Penser hors du cadre, avec désintéressement et conviction, est une nécessité; être courageux, physiquement et intellectuellement, un devoir. Alors que l’évolution de la société tend à rendre ces valeurs anachroniques, il faut un sacré caractère aujourd’hui pour les faire vivre

Judiciarisation, concept «zéro mort», dictature de l’opinion publique… sont autant de facteurs de nature à inhiber les chefs militaires aujourd’hui. Dans le domaine des opérations d’abord, l’environnement juridico-médiatique peut avoir pour effet de «paralyser» les décideurs de tous les niveaux. Sous la pression incontournable des médias, ils devront potentiellement rendre compte de leurs choix devant les tribunaux, ou encore se justifier au gré des émotions erratiques de l’opinion publique. Les suites judiciaires de l’embuscade d’Uzbeen ont ainsi marqué le début d’une nouvelle ère dans ce domaine. À l’heure où la nation hésite encore entre faire de ses morts en opération des héros ou des victimes, assumer la prise d’un risque dans un cadre opérationnel peut avoir pour un chef des répercussions judiciaires.
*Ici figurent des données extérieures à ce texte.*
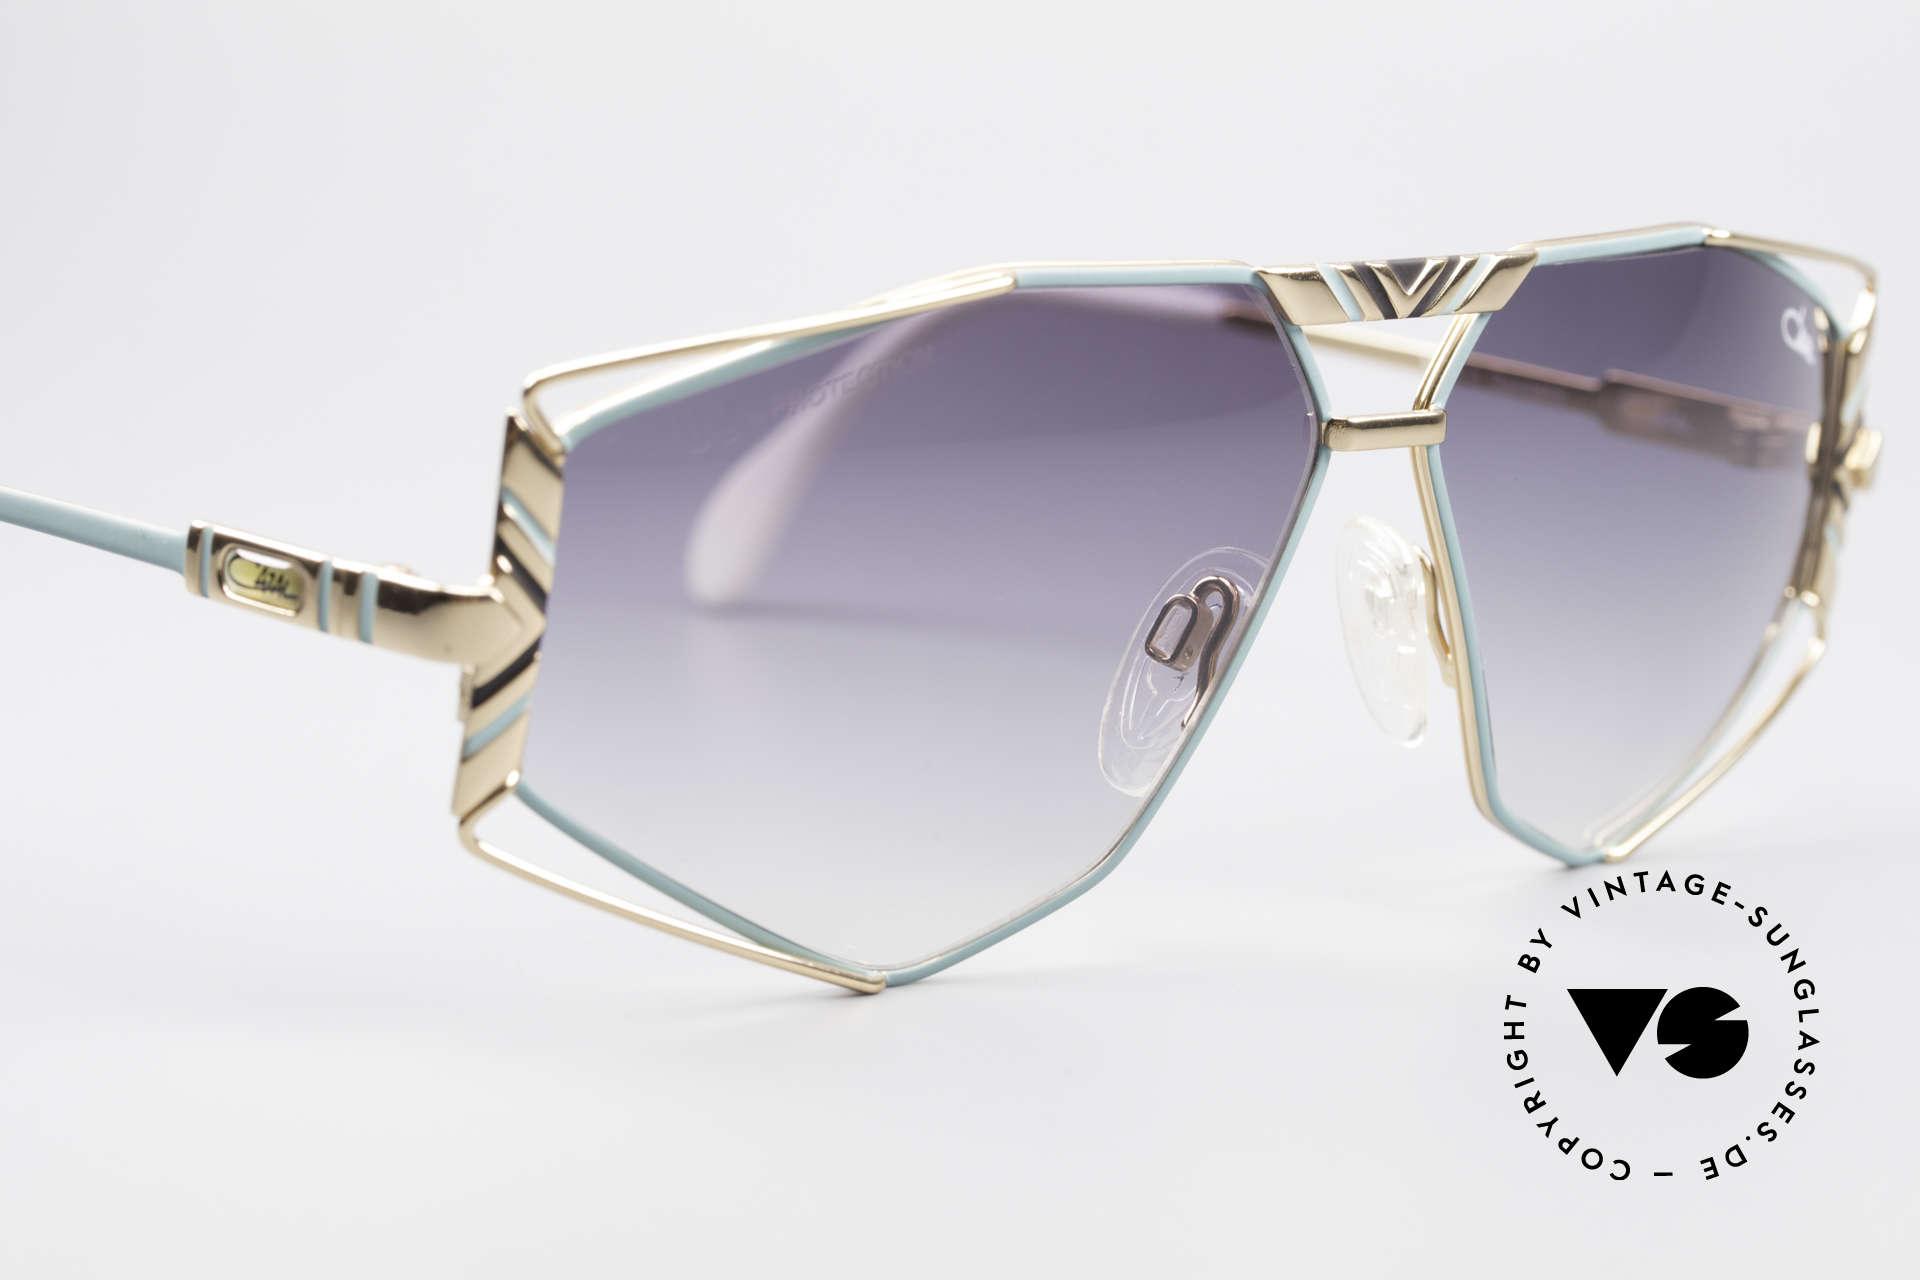 Cazal 956 Cari Zalloni Vintage Shades, NO RETRO fashion, but a rare old Cazal Original, Made for Men and Women

En outre, la nature des missions assignées aux forces armées peut amplifier ce phénomène d’inhibition. Dans les opérations dites «d’interposition» en particulier, objectifs politiques et militaires semblent parfois contradictoires[iii]. Ainsi, un déploiement militaire sur un théâtre extérieur peut par exemple être endossé politiquement – pour des raisons à la fois diplomatiques, humanitaires ou simplement de contentement de l’opinion publique… –  sans pour autant que les effets attendus sur le terrain soient clairs, d’une part, ni que des pertes dans cette entreprise soient «acceptables», d’autre part.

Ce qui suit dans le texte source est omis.